Continue to produce original articles. This is why Technology’s 16th original article

This paper is a detailed analysis of the minimum active number algorithm of Dubbo load balancing strategy. The source code shown in the article, without special annotations are version 2.6.0.

Why not use the latest version 2.7.4.1 as of now? There are two bugs in 2.6.0. Speaking from the bug, the impression is even more profound.

Finally, the 2.6.0/2.6.5/2.7.4.1 version will be compared, through contrast learning, deepen the impression.

This article directory

Section 1: Demo Preparation.

This section is mainly for the convenience of demonstration, set up a Demo service. In Demo, three servers are started. The load balancing policies are set to the minimum active number and the weights are different.

Q2: Where is the break point?

This section is mainly to share my way of looking at the source code. And how to set breakpoints when we look at the source code, how to avoid “wandering around” in the source code.

Section three: Simulation environment.

This section is mainly based on the transformation of Demo, simulation of the real environment. Problems are found in this process, which leads to the next section.

Section 4: Why is active 0?

This section describes the role that the active field in the RpcStatus class plays in the minimum active number algorithm and when it changes. Let the reader understand why you need to configure the ActiveLimitFilter interceptor on the Customer side.

Section 5: analyze the source code

In this section, the implementation class of the minimum active number algorithm is interpreted line by line, with comments added on almost every line of code. Belong to the key part of the full text.

Section 6: Where are the bugs?

After reading the source code line by line, two bugs of the 2.6.0 minimum active number algorithm are introduced. And through the differences and similarities of 2.6.0/2.6.5/2.7.4.1 versions of the cross comparison, deepen the reader’s impression.

Section 7: Serendipity

When I read the official document, I found a small clerical error, which I modified and merged. It introduces the process of contributing code to open source projects.

PS: The first three sections are mainly to share my view of the source code ideas and skills, if you are not interested in the fourth section can directly start to read. This paper focuses on sections 4 to 6.

P.S. Reading this article requires some understanding of Dubbo.

A. Prepare the Demo

My habit of looking at source code is to make a Demo to put the debugging environment together. Then go to the Debug with questions, not letting go of any questions that flash in my mind during this process.

This article shares leastactive Veload Balance, one of Dubbo’s load balancing strategies. So I set up a Dubbo project and started three providers for consumer calls.

Leastactive is configured for the loadBalance of the three providers. The weights are the default weight, 200, and 300.

** What is the default weight? ** When you look at the source code, the source code will tell you.

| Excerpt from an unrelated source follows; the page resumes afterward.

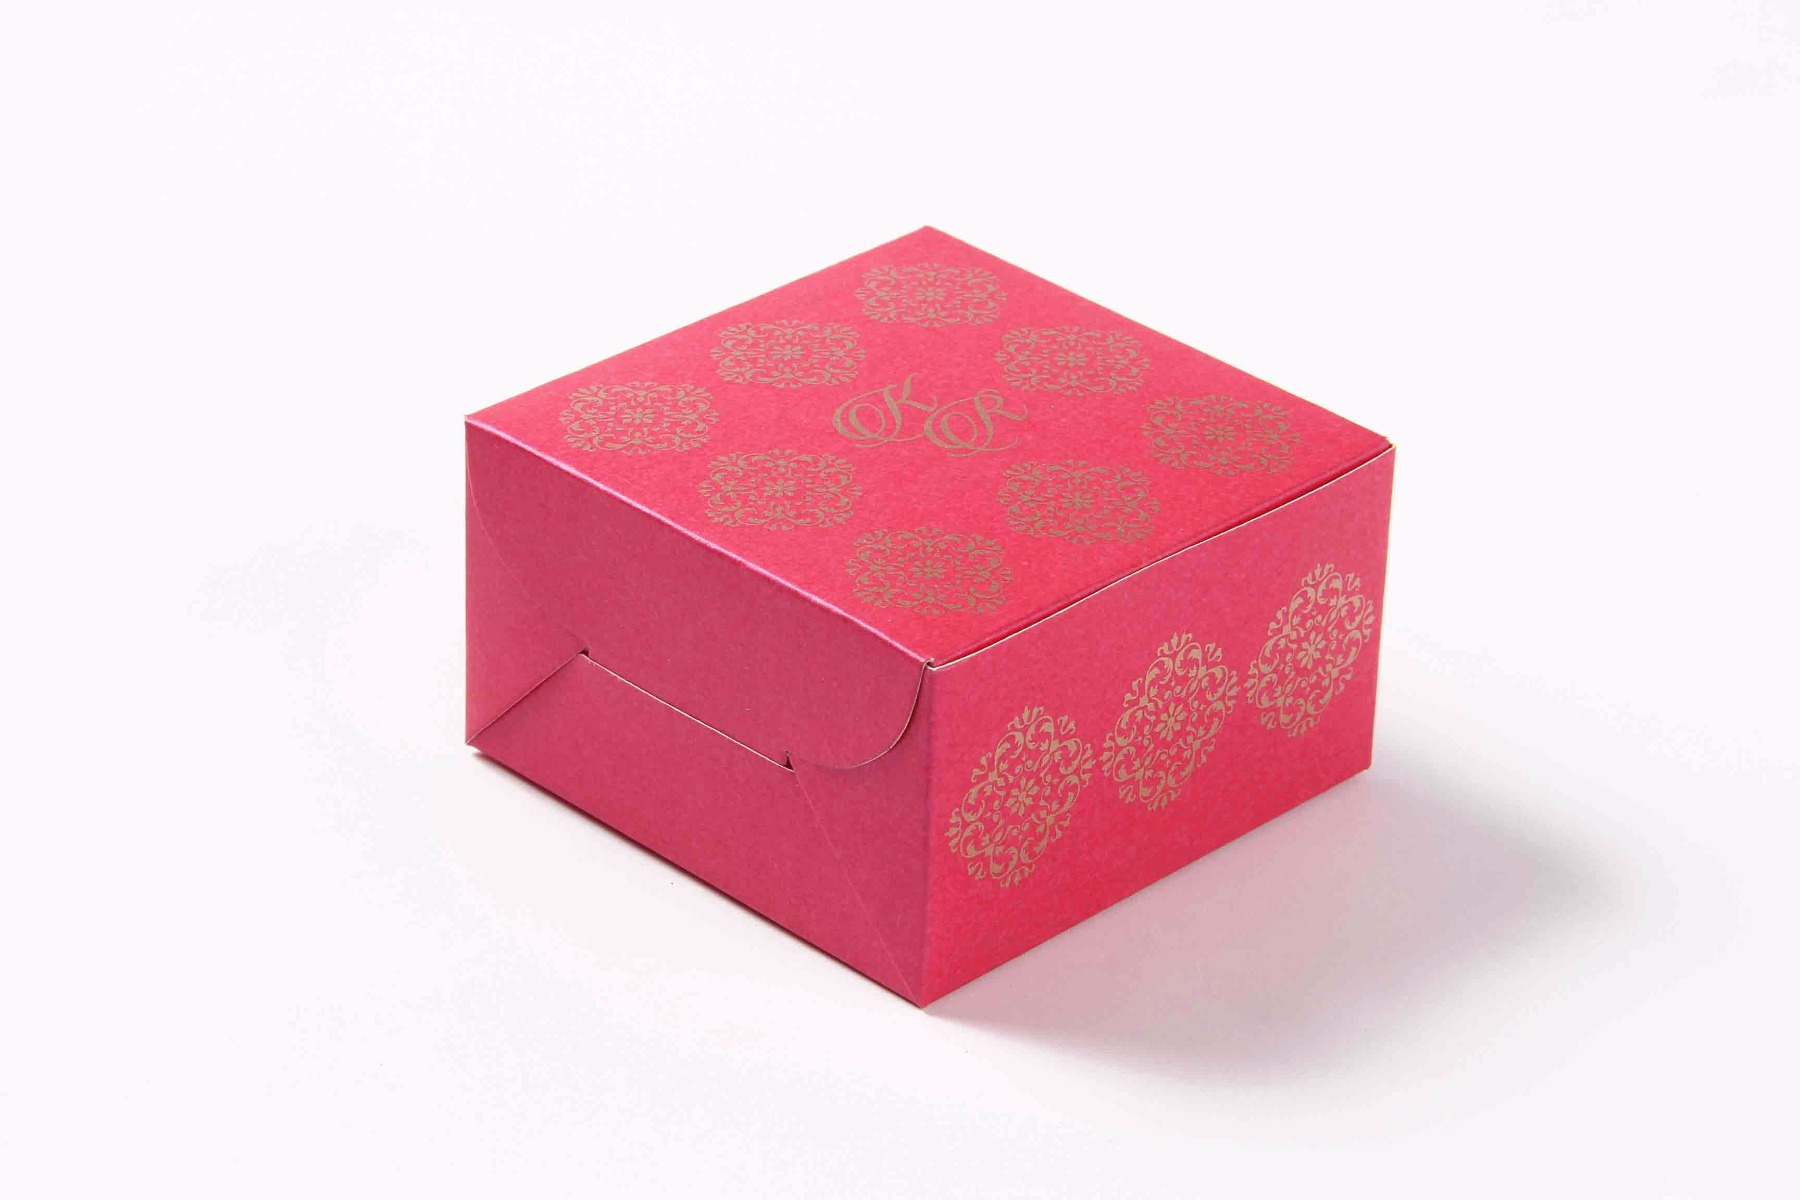 Small Size cube box in Pink Color

Three different service providers will return to the caller what weights they are.

Start three instances. (Note: There is only one provider. XML and DemoServiceImpl. You can manually change the port and weight each time you start the service.)

Check whether the service provider is normal on ZooKeeper:

You can see that the three service providers have ports 20880, 20881, and 20882 respectively. (The last 5 numbers in each red box are port numbers).

Finally, we look at service consumers. The consumer is simple. Configure consumer.xml

Simply call the interface and print the return value.

Two. Where is the break point?

I believe that many friends also want to see the source code, but do not know where to start. In a state of “wandering around” in the source code, a circle wandering down, the harvest is not big.

In this section I want to share how I looked at the source code. First I will take the question to find the answer inside the source code, that is, targeted look at the source code.

If it’s a framework class like this, as mentioned above, I’ll build a simple Demo project and Debug will follow. If you need to set a breakpoint for Debug, how to set a breakpoint?

The first breakpoint, of course, is where the method is called. For example, in this article, the first breakpoint is here:

What’s next?

You can of course follow through from the first break point. But in the process, did you find that? Most of the time you are led by the source code. You go to the source code with only one problem, maybe you Debug for ten minutes and still haven’t found the key code. Or maybe you Debug for ten minutes and the problem goes from one to an infinite number.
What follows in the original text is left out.